The Basics of Traveling to Europe During COVID

If you follow me on any social media, or if you’ve seen me around, you know I spent 8 days in Italy this November! My trip was absolutely amazing, but there were some extra loops to jump through to get to and from Italy due to COVID.

However, despite popular belief, it is absolutely NOT difficult or unsafe to travel to Europe from the US right now. In fact, this is definitely the time to go. Tourists are certainly not back in full force, airline prices are relatively cheap, and so aren’t hotels, busses, trains, etc.

In this post, I’ll be breaking down the logistics I personally dealt with when traveling from Boston to Rome and back this November. (Everything shared is my personal opinion and experience, and in no way is intended to represent specific country COVID guidelines).
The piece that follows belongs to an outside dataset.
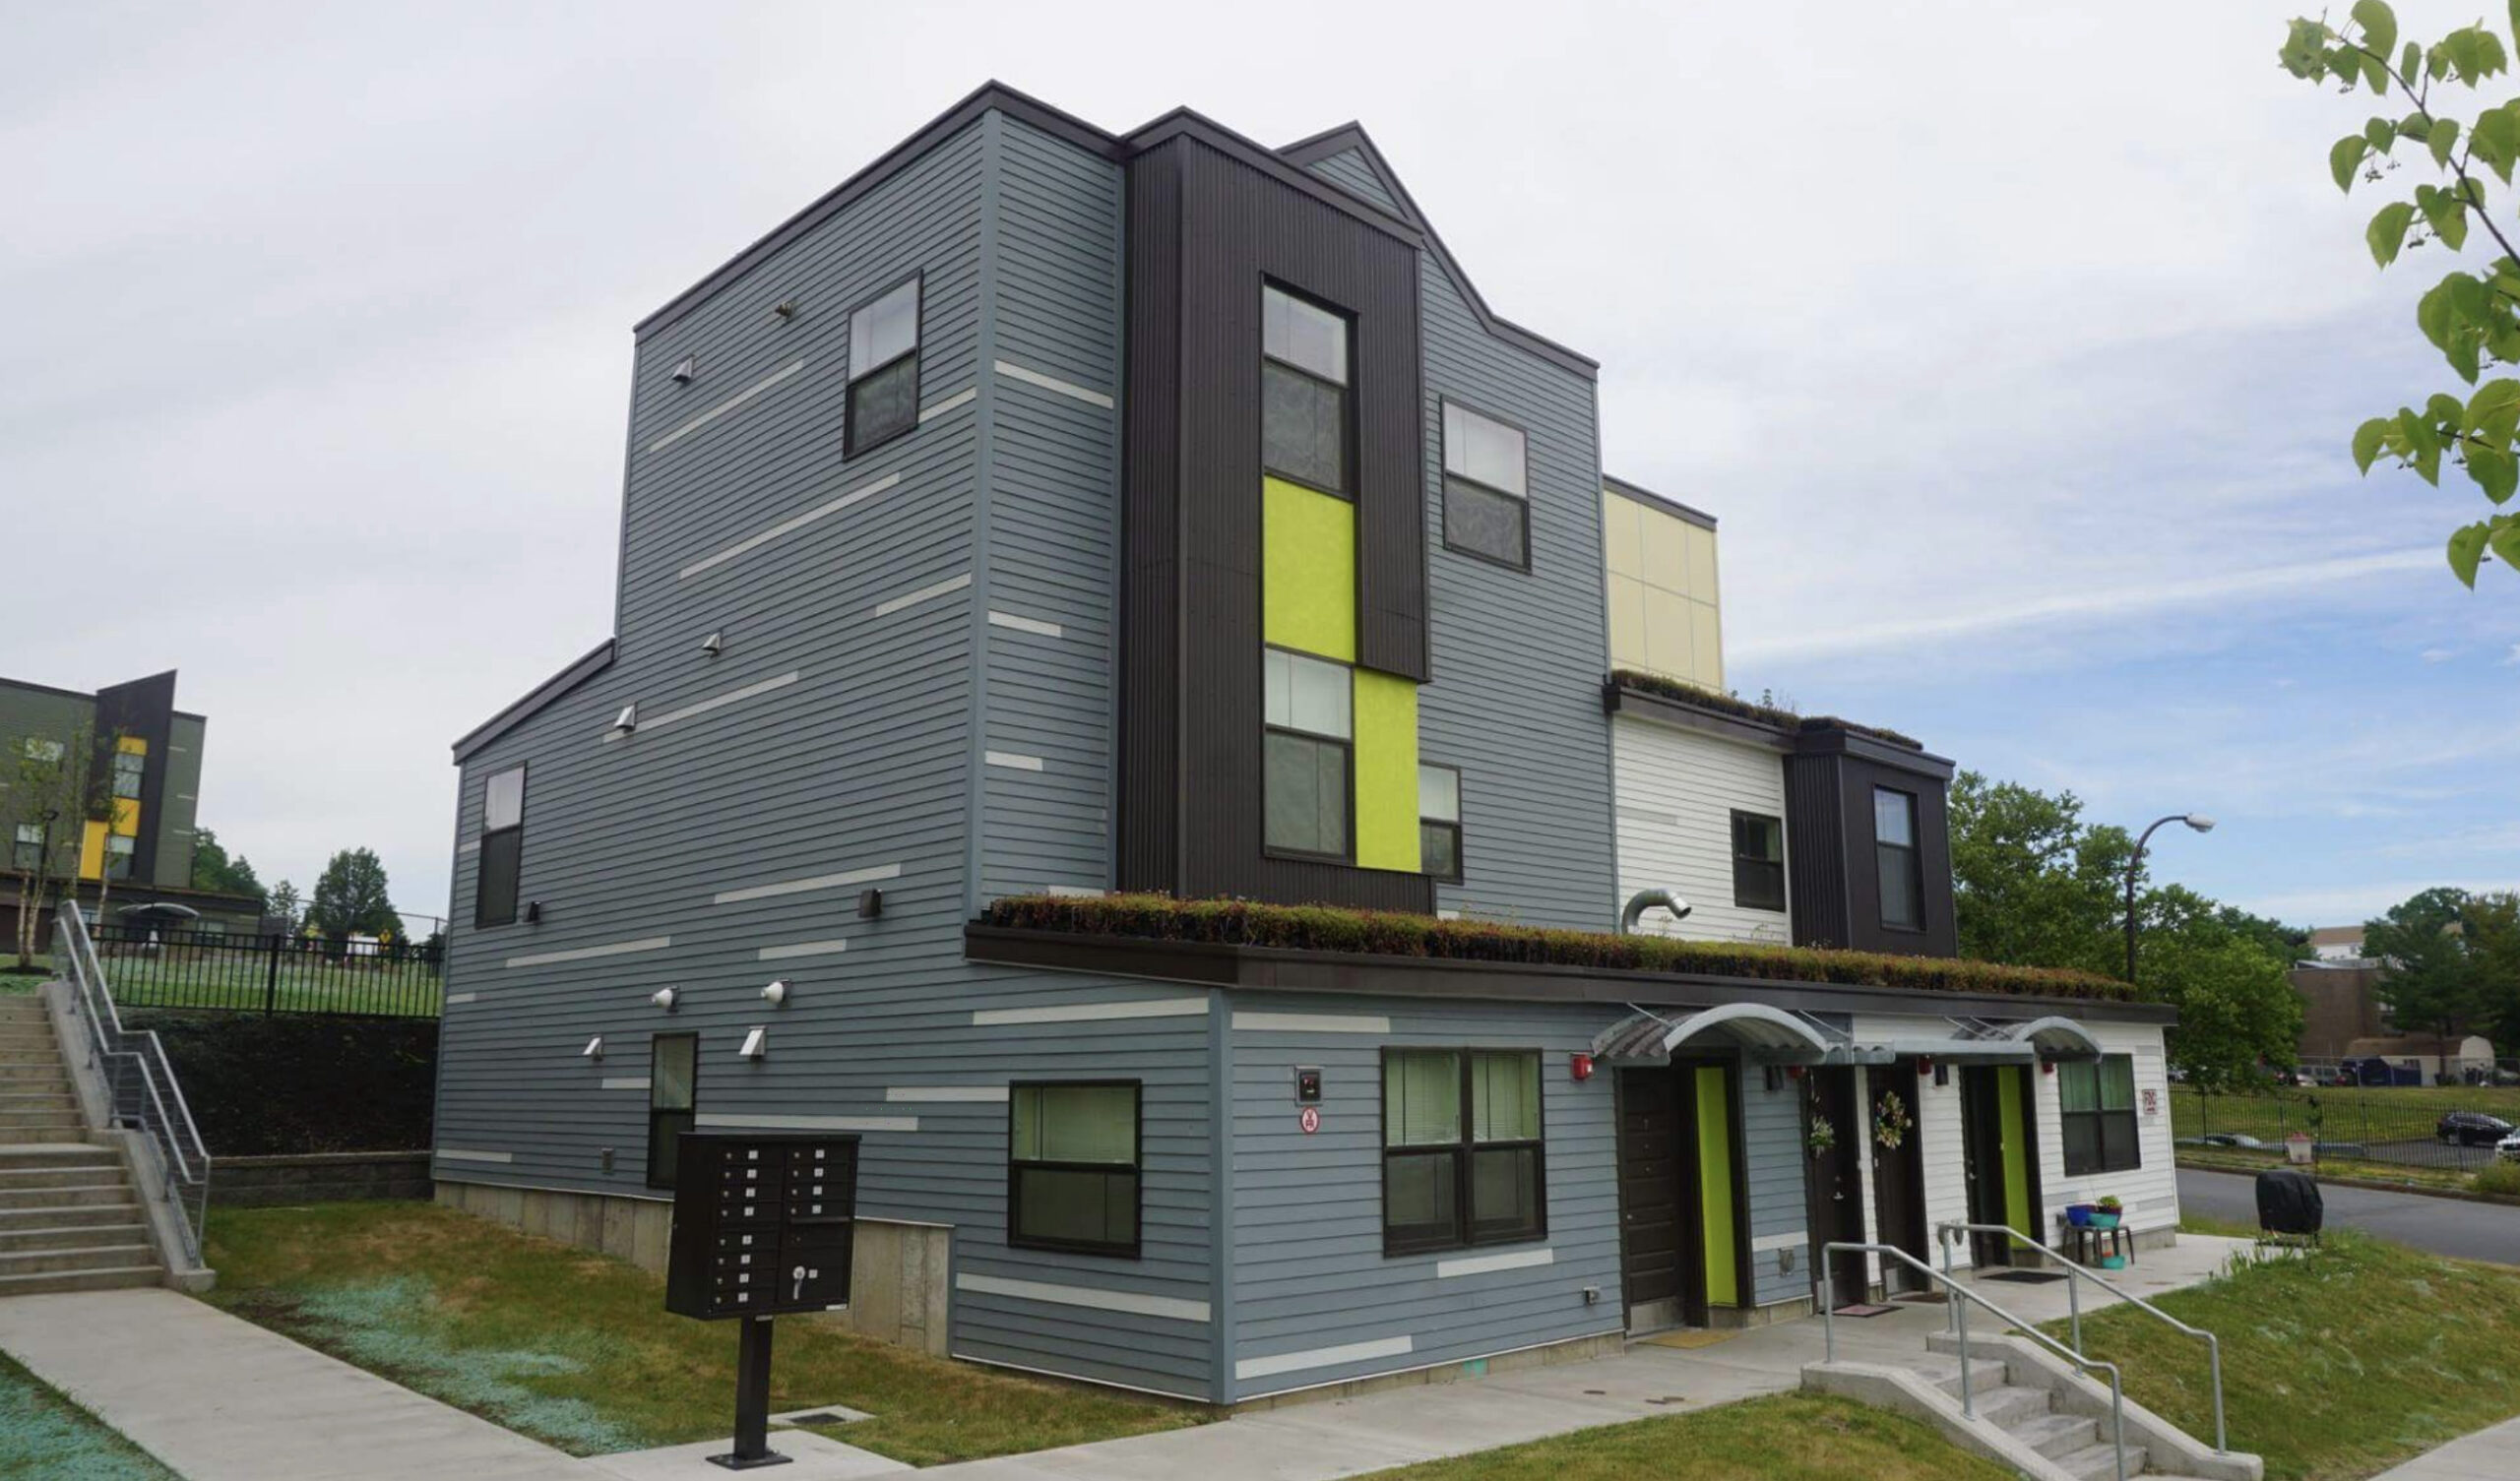 How low income housing can uplift a community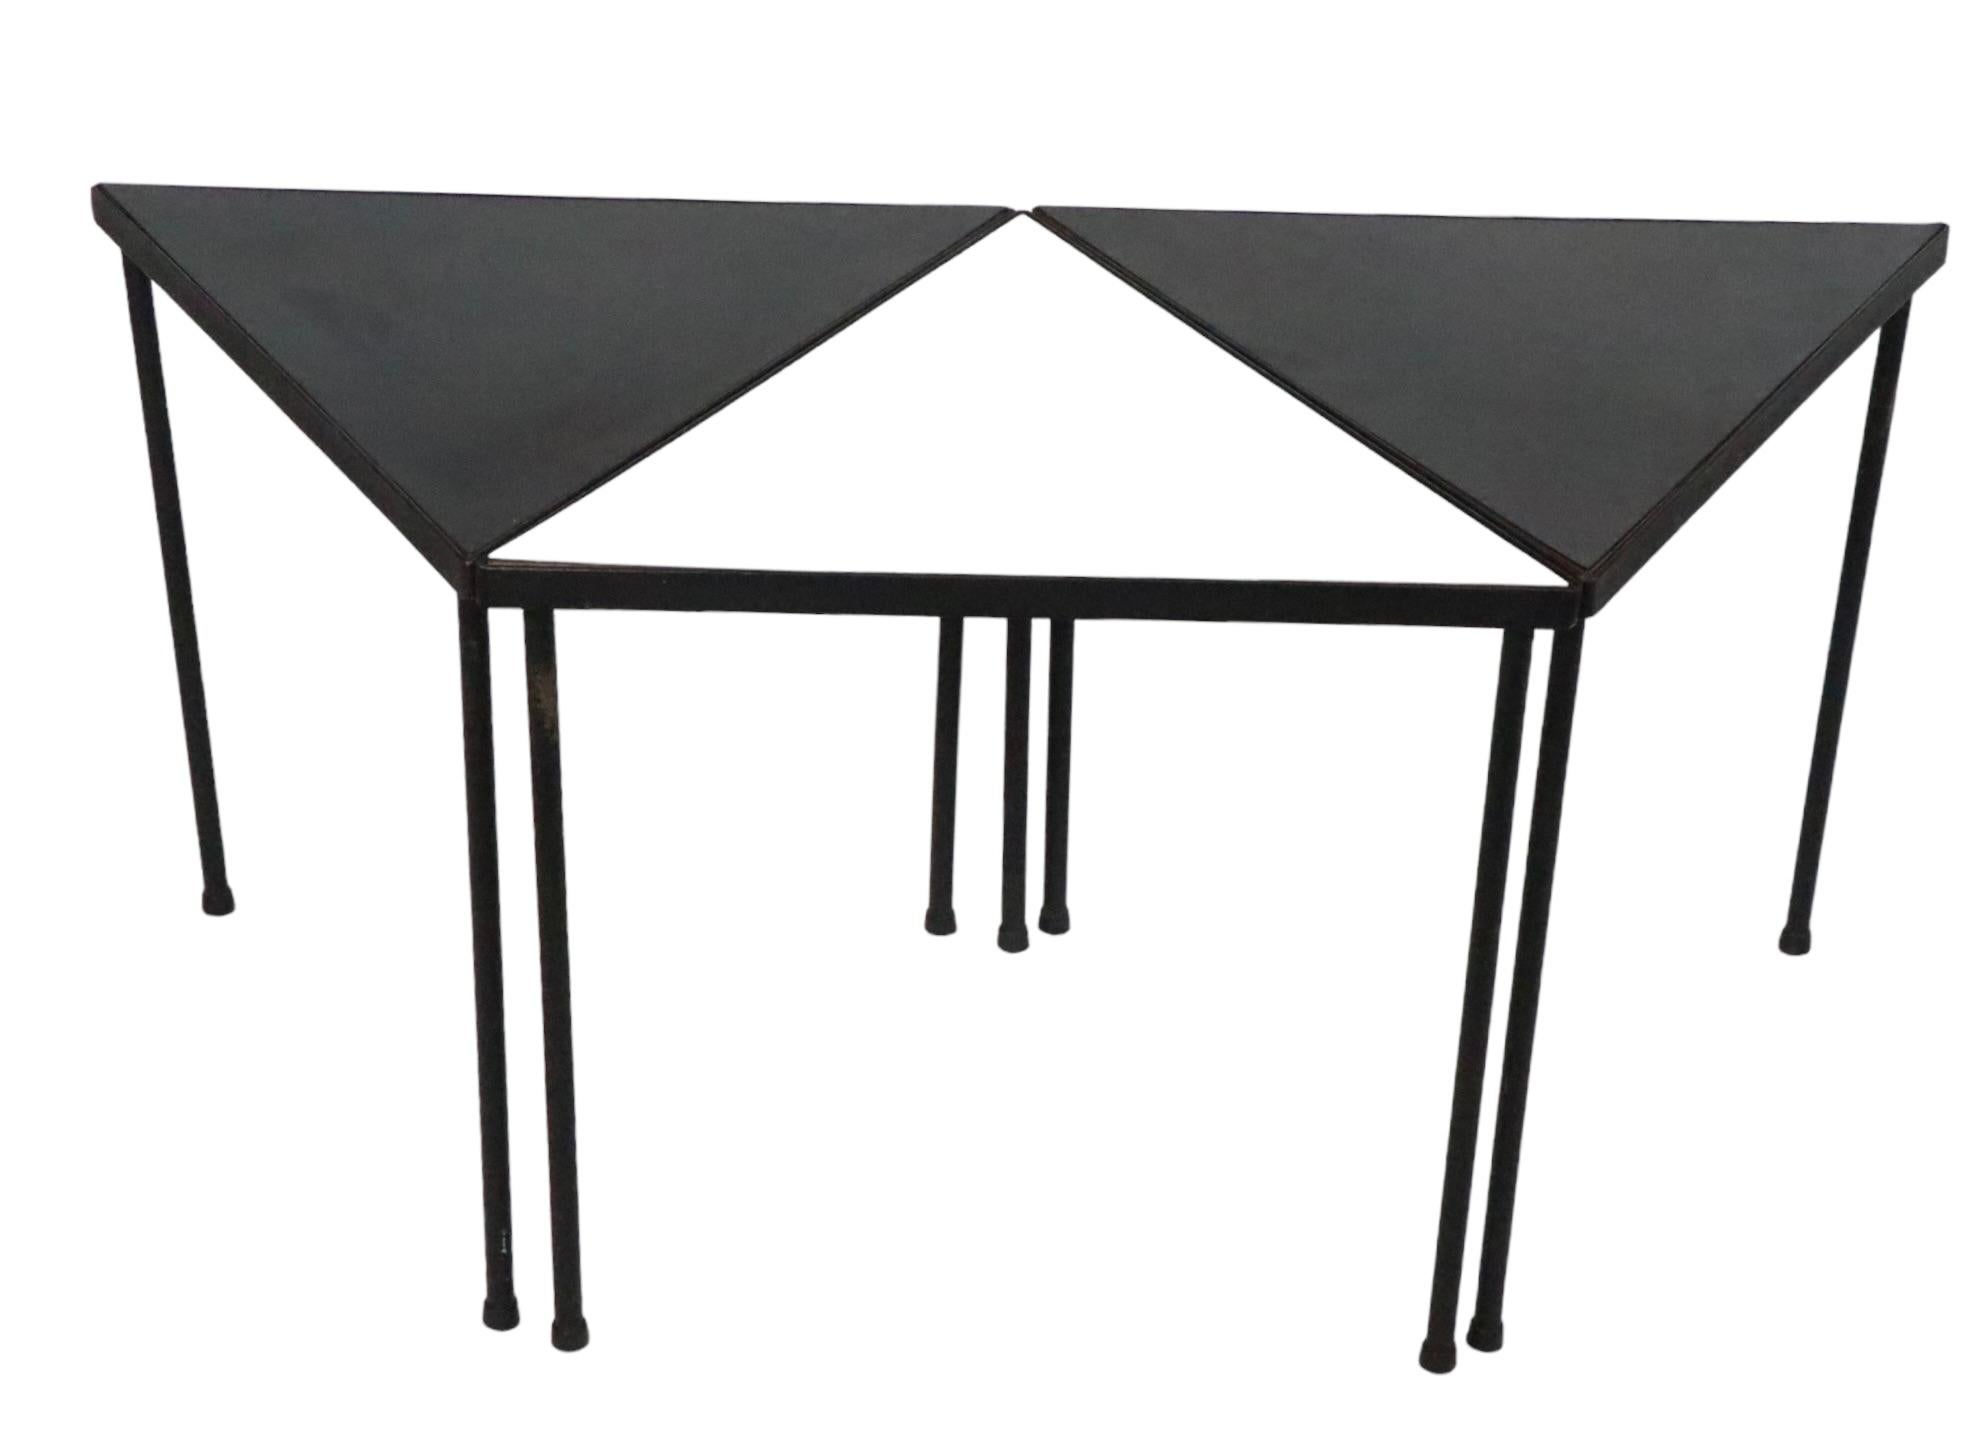  Set of 3 Mid Century Triangular  Stacking Tables by Frederic  Weinberg c 1950's For Sale 11

I’d also like to mention that my mom & I are fully vaccinated, which is an important detail. If you are not fully vaccinated, I personally do not recommend traveling to Europe for the reasons I will detail below.

The Route:

The route we took to Europe was Boston –> Zurich –> Rome and on the way back it was Rome –> Montreal –> Boston. This means that during our travels we had to deal with 4 different COVID travel protocols which were somewhat confusing and overwhelming.

BOS –> ZHR: On the way there, we were required to show our vaccine cards while checking into our flight in Boston. Aside from that, only our passports were checked while boarding. Like all planes, masks needed to be kept on the entire flight. Once we arrived in Zurich and went through customs, our vaccine cards were requested with our passports. However, unlike the wording on Switzerland’s government website, we were never asked to present our negative COVID test results taken within 72 hours. My mom and I simply got a rapid NATT test 2 days before flying to Europe.

ZHR –> Rome: When we boarded the plane to Rome, I was required to swap out my cloth LuluLemon mask with a surgical mask, as it is Italian law that a surgical mask is worn on all public transport. When we touched down in Rome, we did not go through any form of customs or have any health screening, since our flight landed from a Schengen country.

Rome –> Montreal: Per Canada’s guidelines, we needed to get a molecular test within 72 hours before entering the country, We accidentally got an antigen test, oops. But in the end, it didn’t matter because our test results were never checked in Canada.

When boarding the plane in Rome for Montreal, Air Canada’s flight crew checked our COVID test results twice, but only looked hard enough to find “negative”. In the end, it was clear that was their main concern, not the type of test.

When we landed in Montreal, we went through US customs (which may be why it was so lax). They requested our vaccine cards once and our passports, yet never asked for our COVID test results.

Montreal to Boston: Landing in Boston, we were free to simply exit the plane and go home since we were already checked by US customs in Canada.

COVID Logistics While in Italy:

The most comparable place in the US in terms of COVID standards is New York City. Essentially, it’s the same premise when it comes to showing proof of vaccination

In Italy, just like New York, you generally are asked to show your COVID vaccine card if you’re American (and Green Pass if you’re from the EU) for a variety of activities including:

  • Eating a sit down meal at a restaurant
  • Going into a historic site e.g., the Colosseum
  • Staying at a hotel
  • Potentially if you’re riding public transportation (although mine was never checked in this situation)

In regards to masking, it’s similar to many places in the US- you do not need to wear it when you’re walking outdoors or if you’re sitting outside. However, inside or in historical sites that are outside like the Roman Forum, masks must be worn at all times. You will not be allowed to be inside a store without it.

In terms of COVID Testing getting a test in Italy is SO easy. There are literally testing sites on every street because most pharmacies offer them. They are 15 euro each for a rapid antigen test with results in 5 minutes. The pharmacist gives you a printed and signed document stating you’re negative and you’re all set!

Overall thoughts on international travel during COVID:

Overall, although getting a covid test, carrying your vaccine card, etc is kind of a pain, it’s generally easy to travel to and within Europe if you’re a fully vaccinated American. Like I mentioned above, there were many points where my documents were never checked or barely checked.

Additionally, with the enhanced COVID protocol in Italy in terms of masking and requiring proof of vaccination, I never once was in a setting where I was worried about getting COVID. I’d go so far as to say I felt safer over there than I do here.

If you’ve learned anything from this post, I hope it’s this: Do not wait! Travel to Europe while it’s still not back to the hustle & bustle of pre-COVID!